Our contamination check protocol successfully identified the presence of exogenous reads in the mock-contaminated human library. The TAGC approach clearly identified two clusters of contigs showing contaminating Enterobacteriales sequences against a primate background in both draft assemblies. The proportion of contaminating reads estimated against the E. coli reference was in very close agreement with the estimate from the CLC assembly, while the same approach using SOAPdenovo2 assemblies slightly underestimated the proportions of contaminated reads. These results suggest that our protocol may also be used to quantify contamination levels, although accuracy may vary with the assembly method and the proportion of contigs used to generate TGAC plots. Significant amount of time and compute for this screening was taken by BLAST to query all contigs against NCBI nucleotide database (nt). Repeating the analysis using a subset of randomly selected contigs reduced this time to several folds and also correctly identified the presence of Enterobacteriales reads in the data but gave variable estimates of the proportions of contaminating reads, presumably due to stochastic errors due to random sampling. Thus, while sub-sampled TGAC plots may be effective to detect the presence of exogenous reads, we recommend using all contigs to maximize the power to detect and quantify contaminants.

Conclusions

QC of raw reads is an essential first step in the analysis of NGS data. Mapping-based approaches are accurate and time efficient for collecting QC metrics such as duplicate rate and insert size, but the lack of reference sequences for non-model species has been a major bottleneck. Here, we use the power of rapid de novo genome and transcriptome assembly to generate contig sets to which the original reads can be mapped. The metrics derived from the unoptimized, CLC draft assembly and mapping approach are closely similar to those from reference genome mapping, and serve to deliver equivalent QC data. While our approach successfully estimated the insert size distribution of a 3 kb mate pair library prepared from E. coli, we recognize that mate-pair libraries can be challenging to assemble, especially when the virtual insert size is large and/or the target genome is complex. These will typically be generated alongside a range of standard libraries with different insert sizes. In practice we recommend to map the reads derived from the mate pair library against the draft assembly of contigs generated from the standard libraries and calculate an estimate of insert length and duplicate rate from this alignment.

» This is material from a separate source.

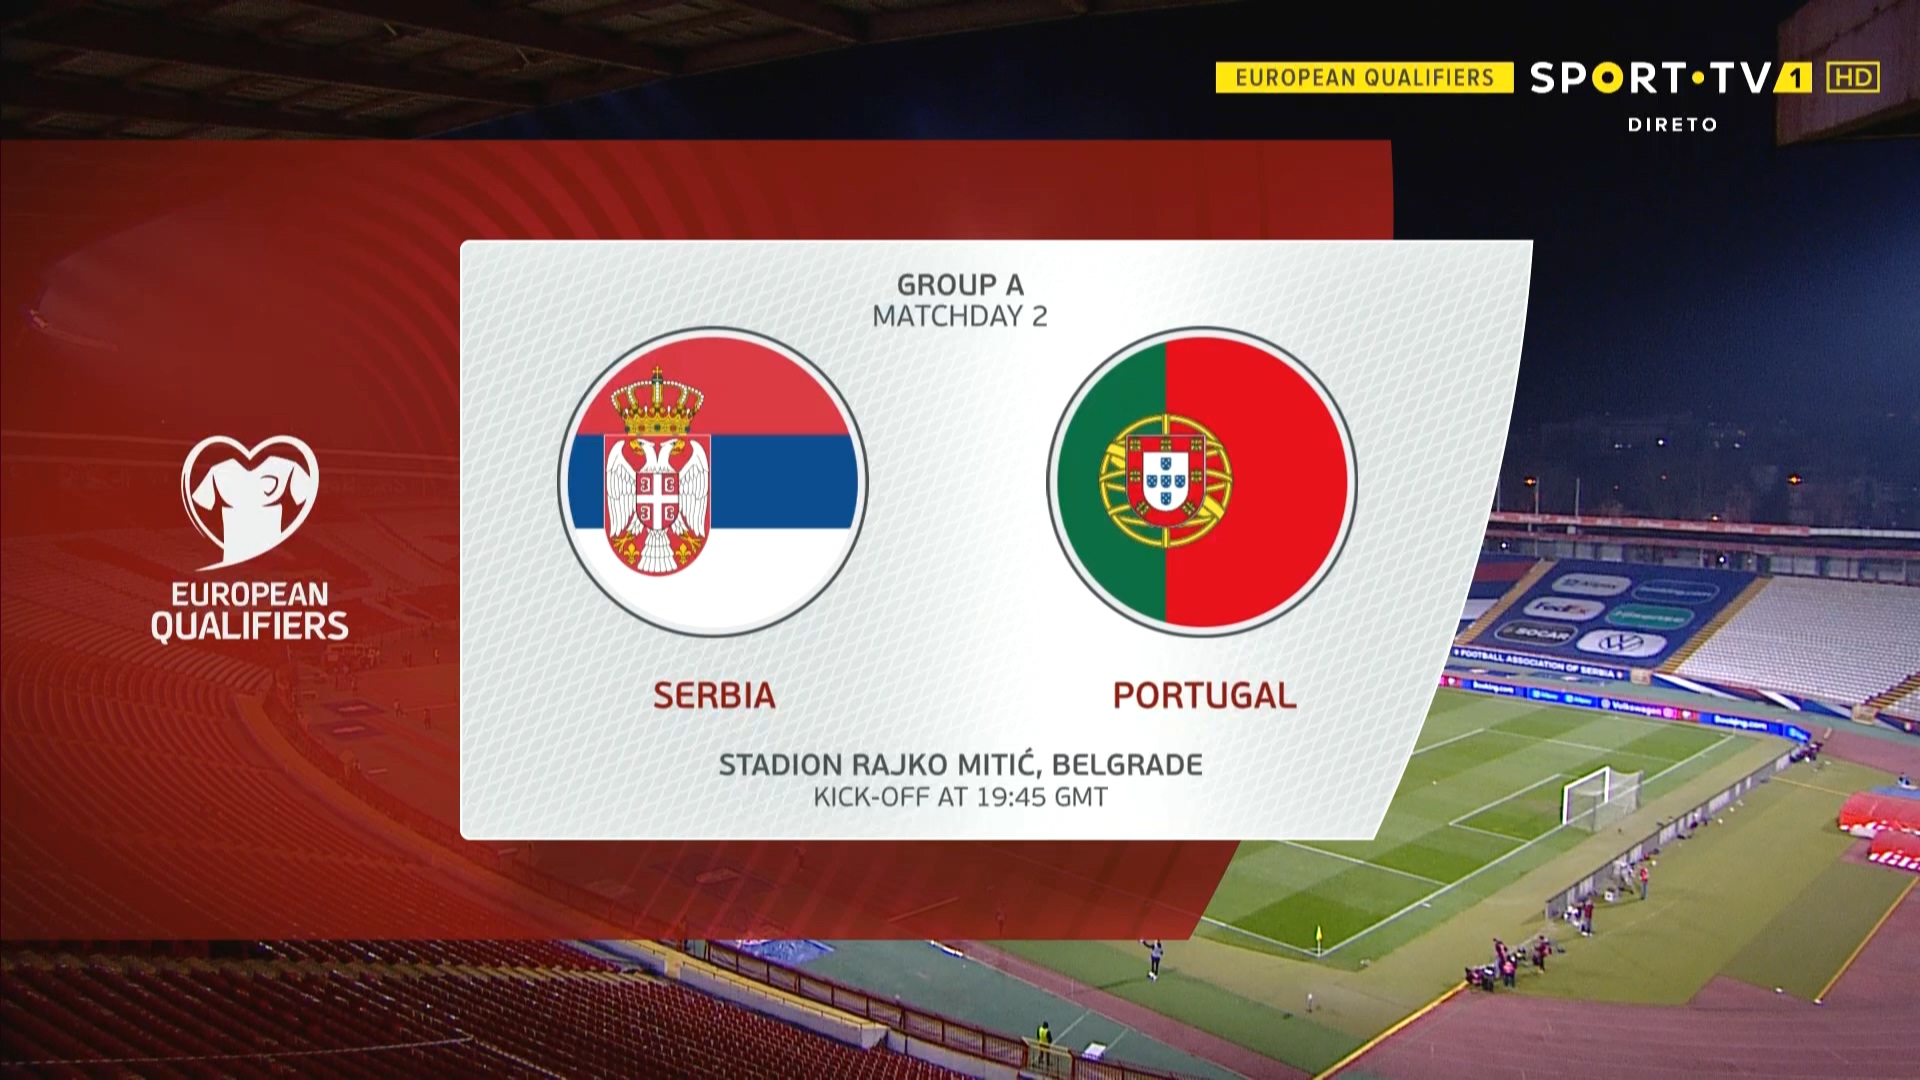 FUTBOL: World Cup 2022 Qualifiers - Serbia vs Portugal - 27/03/2021
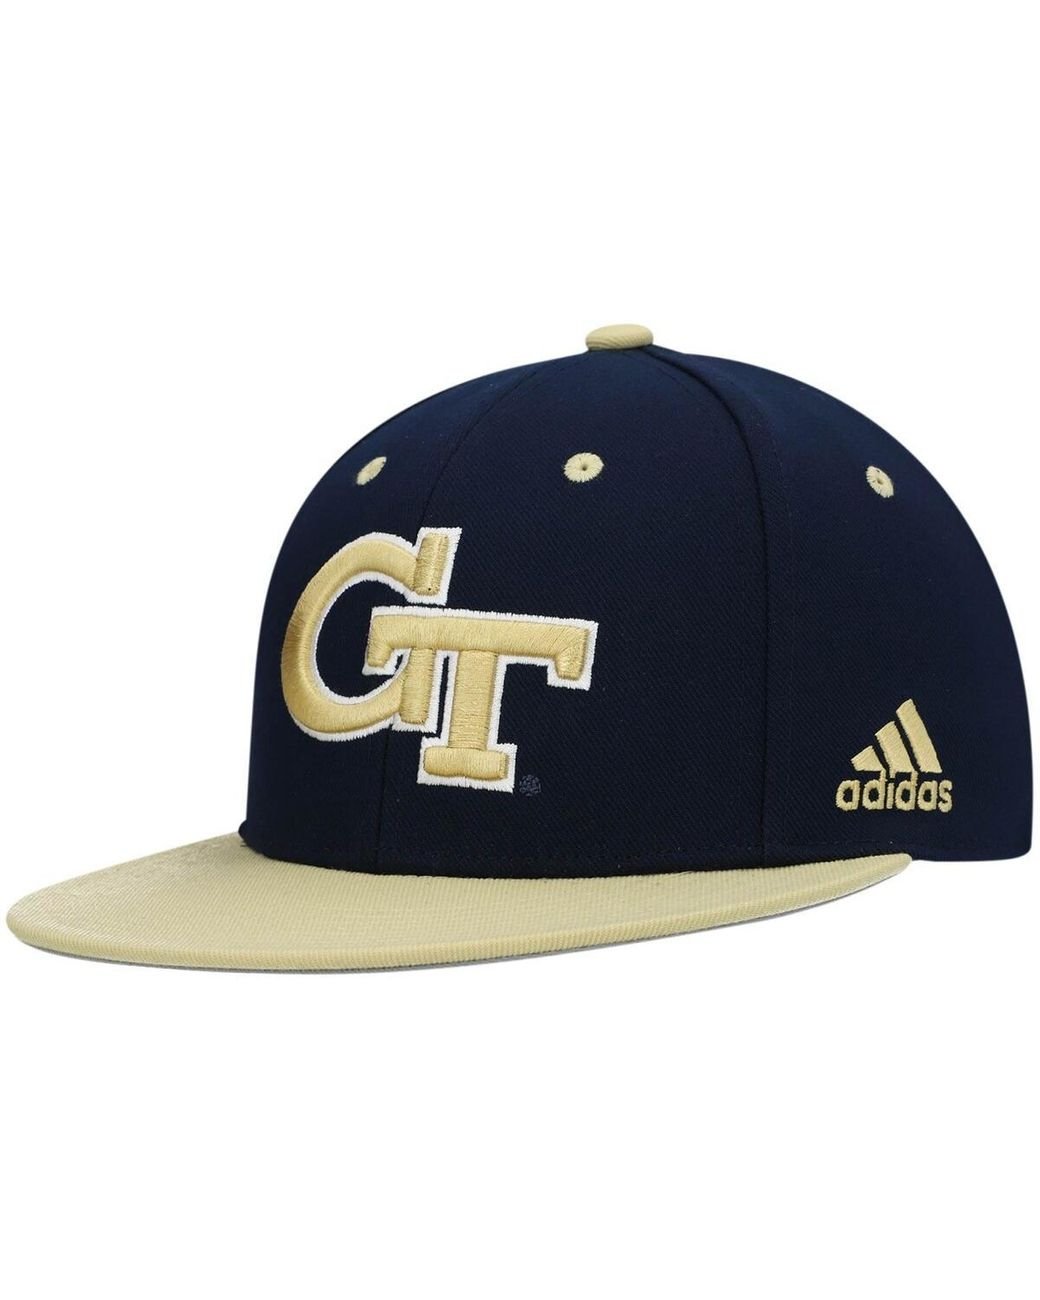 adidas Navy And Gold Georgia Tech Yellow Jackets On-field Baseball

The use of SOAPdenovo2 as an alternative assembler was generally successful and gave similar metrics to CLC in most cases. However, this was not true for predicting the duplicate rate. Assembling difficult genomes such as those of plants can lead to an underestimate of the true duplicate rate. In this case, some parameter optimization (e.g., k-mer size) can help in generating more robust QC metrics. While this approach is likely to be impractical in a production environment where different libraries may require different assembly parameters, other assemblers may perform better in this context and further work is needed to identify suitable alternatives to CLC.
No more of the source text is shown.